Таким образом, рациональность – и есть скрытый геометрический герой верхнего, открытого, а значит актуального метрического слоя Универсума. Иначе говоря, мир рациональностей – это единственный мир, который подлежит тотальному онтологическому эволюционированию для насущного состояния Метасистемы. А значит, если интересоваться миром, основываясь на как можно более развернутой его онтологии, то составлять геометрический путеводитель по миру рациональностей вполне созрело время.
География мира рациональностей, составленная только на основании обобщенного феноменологического опыта, вряд ли сможет обепечить нас всеми подробностями для реализации контовской максимы: "Познание нужно для предвидения, а предвидение необходимо, чтобы действовать". А нужно нам в отношении мира рациональностей знать по крайней мере следующее:
Первое. Как распределены рациональности в своем мире в каждый момент его жизни?
Второе. Как интерсубъективируются рациональности, то есть как они хотя бы частично становятся общими? (К этому вопросу примыкает вопрос о том, каковы отношения между индивидуальными и групповыми рациональностями и как формируются групповые рациональности?)
Что может ответить нам наш обобщенный феноменологический опыт на первый вопрос? В сущности, немного. А именно: что мир рациональностей состоит из наслоений вдоль вертикальной оси, вдоль которой изменяется некоторая генеральная, осевая функция рациональности, и горизонтильных полей, рельеф которых должен давать слепки мгновенного распределения рациональностей.

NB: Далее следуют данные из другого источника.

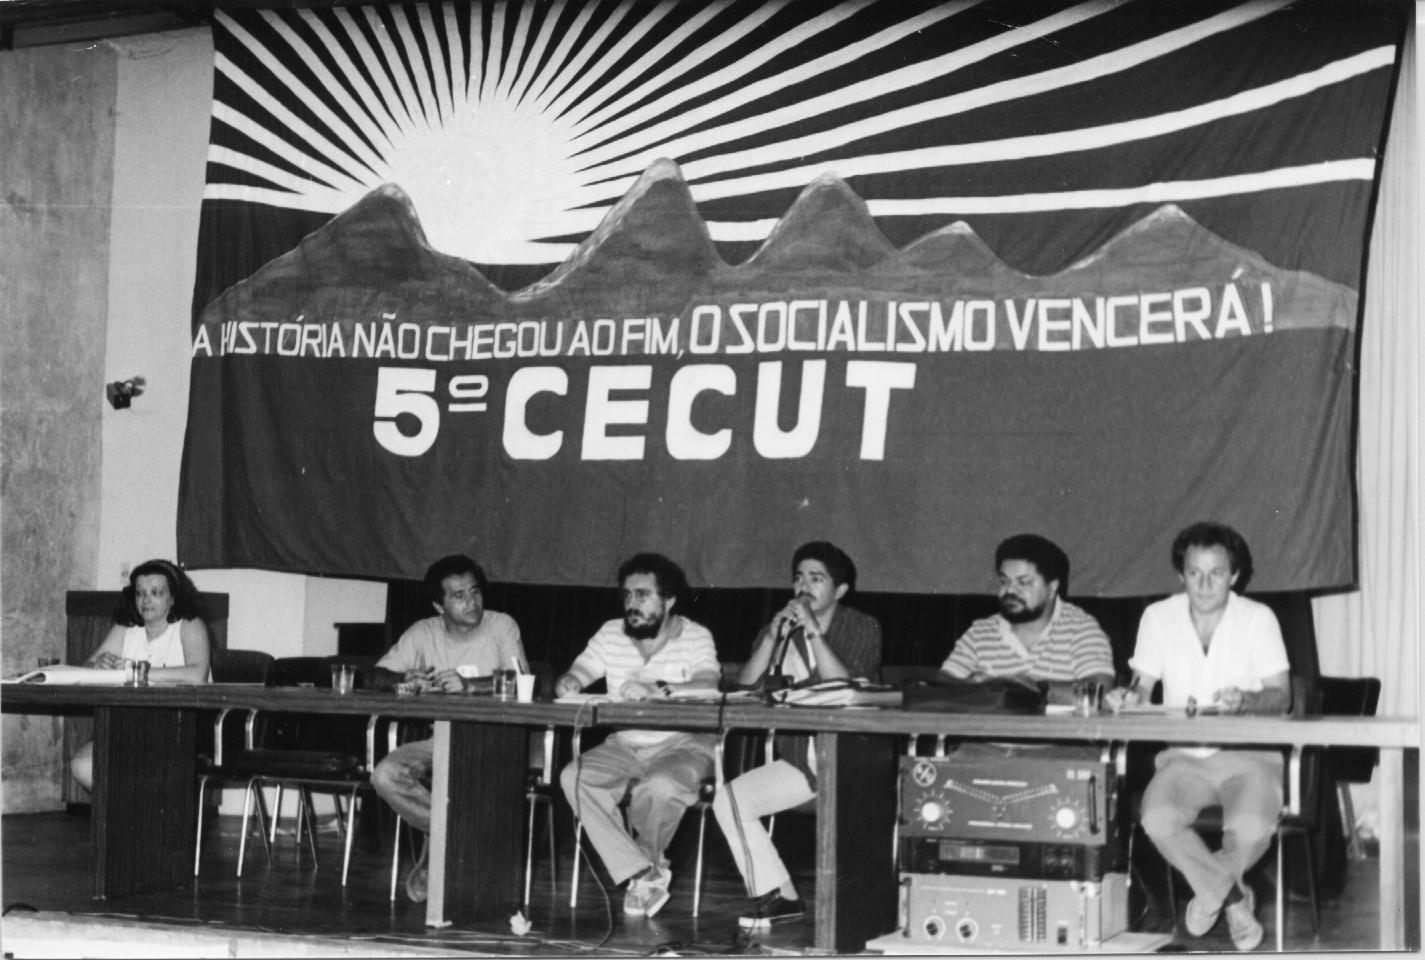 Lays na mesa do 5 Congresso Estadual da CUT. Ao seu lado, cinco homens. Na faixa, acima, está escrito. A história não chegou ao fim. O socialismo vencerá!

Это – единственный итог нашего прямого феноменологического опыта (или, скорее, потолок его возможностей), потому что ответа на второй вопрос он дать вообще не может. Но опыт поставляет нам комплексы фактов, эти комплексы формируют устойчивую геометрию нашей рациональности, наша рациональность в соответствии со своей геометрией запускает универсальные онтологические образы, исходный материал для теорий, а теории на основании этого материала составляют картину подробностей о тех фрагментах реальности, которые они охватывают. (Если комплексы значимых для нас фактов, поставляемых нашим опытом, расширяются и перестают вписываться в геометрию нашей рациональности, нам приходится изменять эту геометрию, то есть переходить к новой рациональной эстетике.)
Что касается мира рациональностей, то их никогда не охватывала никакая теория, способная описать поведение этого мира. Что может говорить об одном: геометрия нашего способа видеть мир слишком уступала по метрической сложности геометрии мира рациональностей, чтобы наша рациональная эстетика оказалась способной разродиться универсальными онтологическими образами, необходимыми для запуска соответствующей теории.
Космологическая геометризация Универсума – эта как раз такая процедура, которая позволяет говорить об онтологических основаниях мира рациональностей, распространяя на него универсальную геометрическую онтологию Метасистемы. В результате ее мы можем использовать геометрические условия организации низших метрических пакетов, известные нам по нашему корпускулярному опыту мышления, в интересах понимания континуумальных правил игры, которые действуют в мире рациональностей.
Как уже было сказано, основным количественным вопросом к этому миру (вопросом, уже подготовленным и в рамках корпускулярного мышления), является вопрос, касающийся природы интерсубъективации.
Основной логический конфликт корпускулярного мышления вокруг интерсубъективности знания сводится к проблеме частичной интерсубъективности. То есть корпускулярное мышление не может онтологически прокомментировать мир значимостей, тот реальный мир знания, в котором мы живем, в котором истины могут быть значимыми, но никогда не бывают абсолютно значимыми. То есть фактически проблема интерсубъективности мышления сводится к проблеме распределения рациональностей.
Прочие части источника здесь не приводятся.